======== Source data

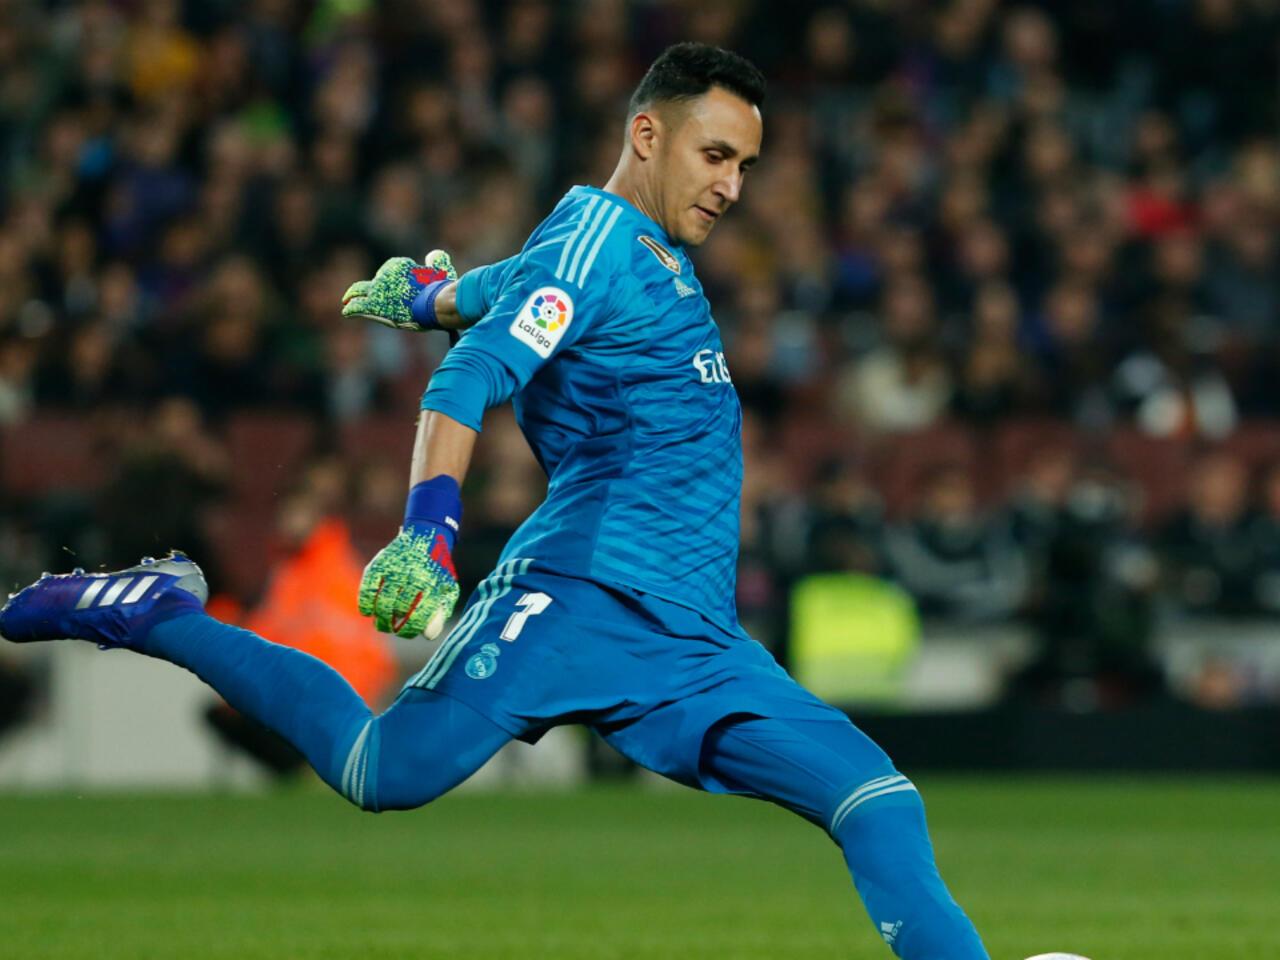 Psg Sign Costa Rican Goalkeeper Navas From Real Madrid
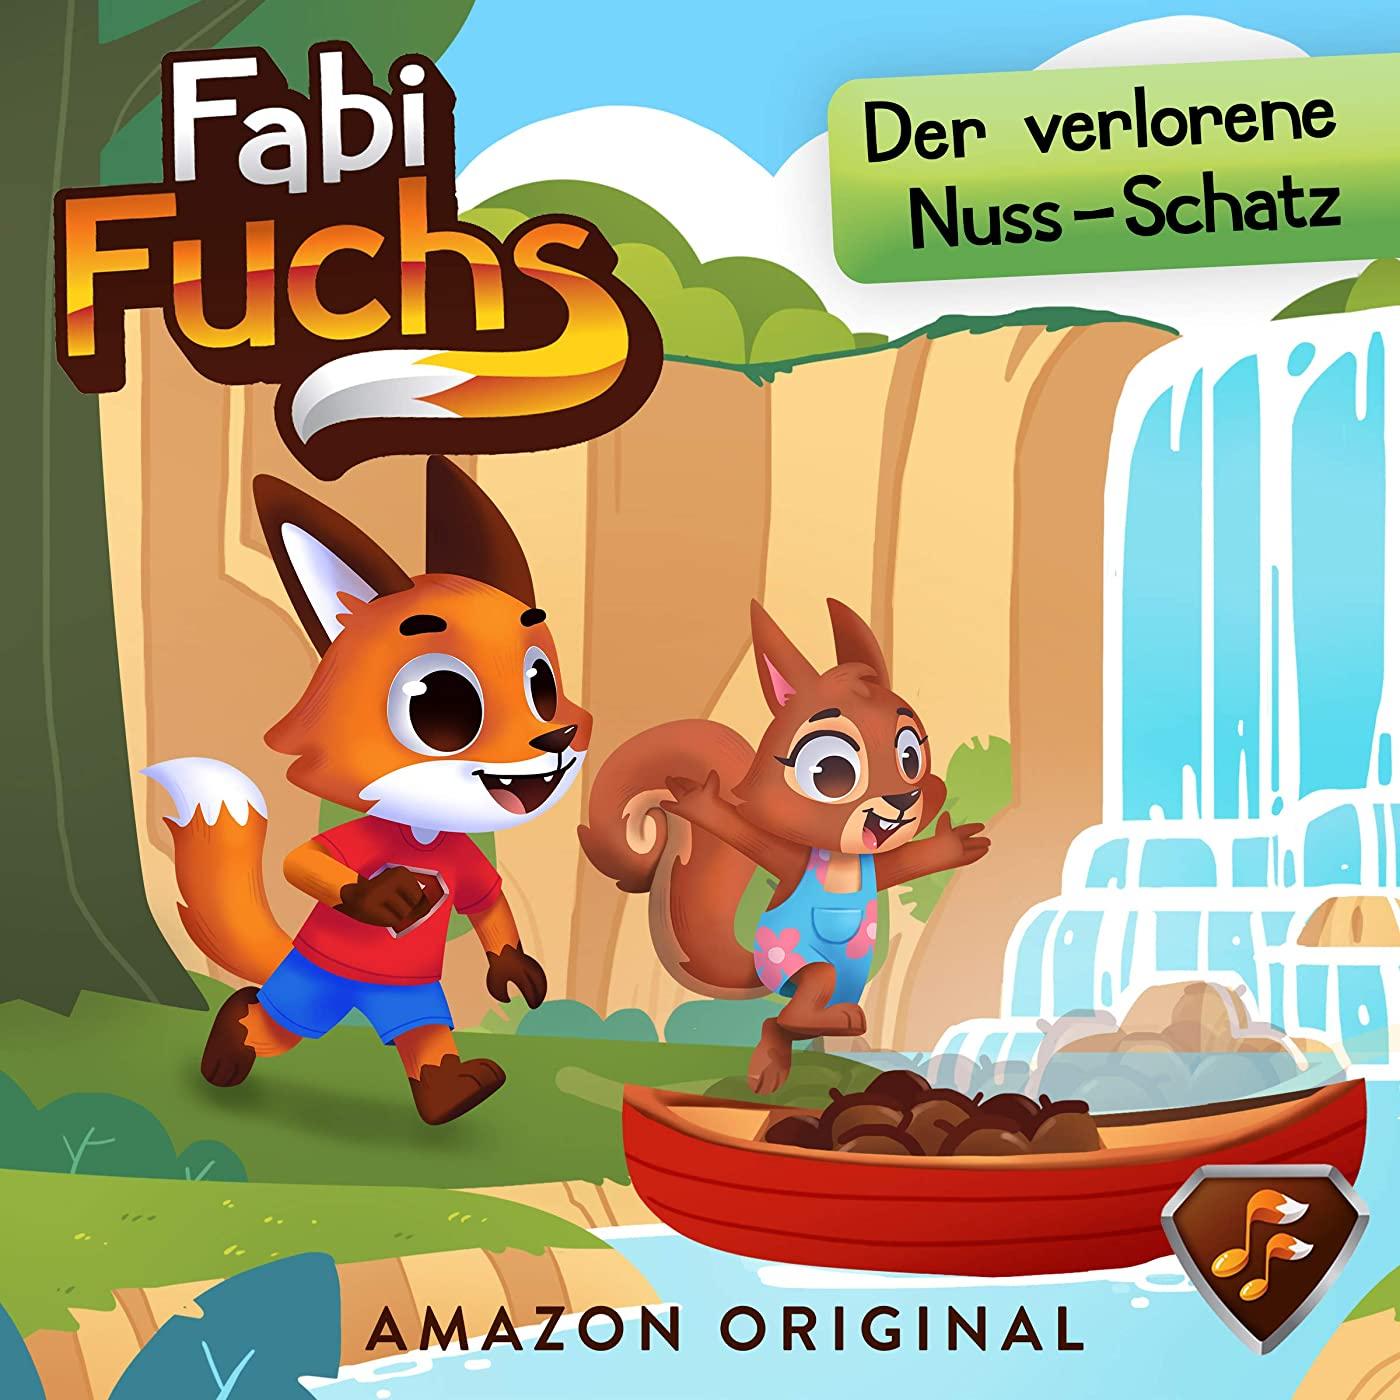 Fabi Fuchs auf Gratis-Hoerspiele.de   Kostenlose legale
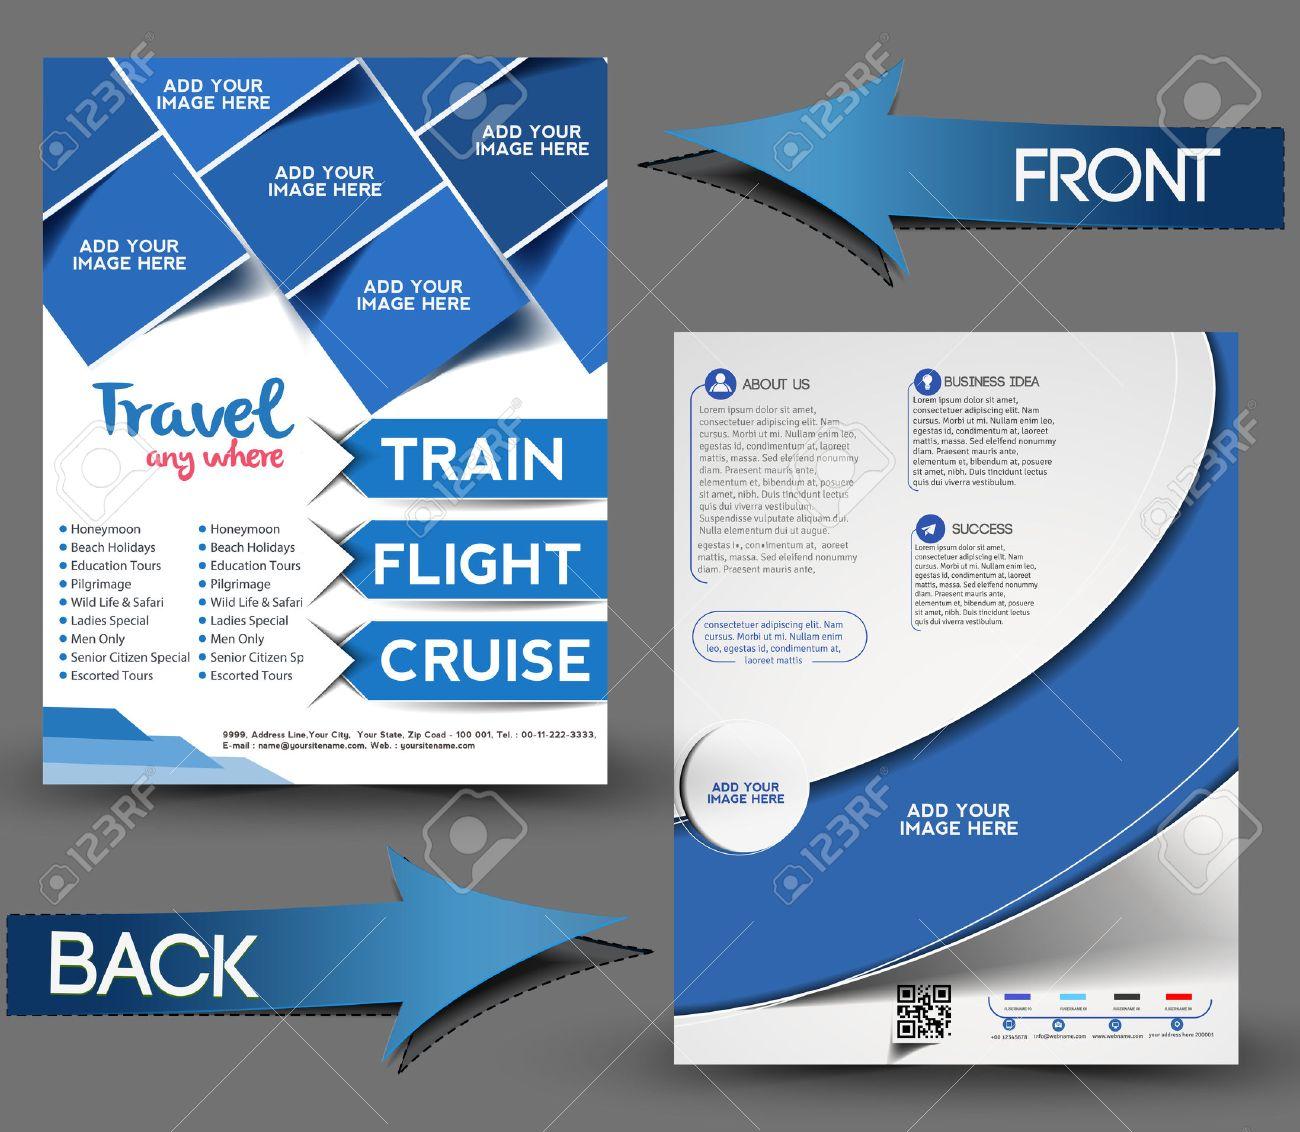 travel center front back flyer template royalty cliparts travel center front back flyer template stock vector 28394250
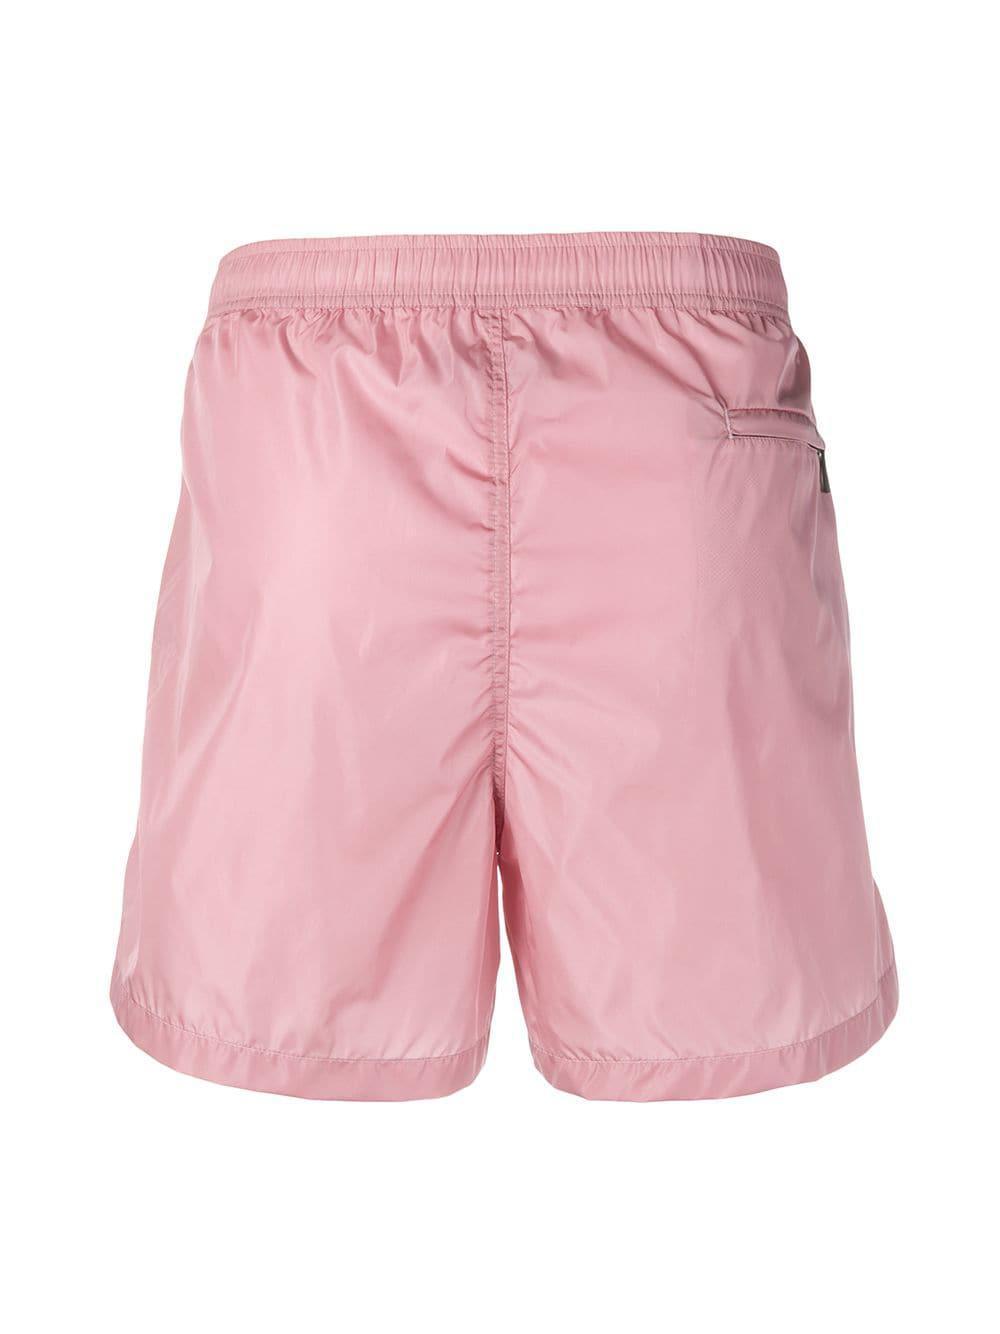 061f236f3c Lyst - Valentino Vltn Swim Shorts in Pink for Men

================

Output all of the data word for word, excluding any pictures.

Completed exercise:
 Psg Sign Costa Rican Goalkeeper Navas From Real Madrid
 Fabi Fuchs auf Gratis-Hoerspiele.de   Kostenlose legale
 travel center front back flyer template royalty cliparts travel center front back flyer template stock vector 28394250
 061f236f3c Lyst - Valentino Vltn Swim Shorts in Pink for Men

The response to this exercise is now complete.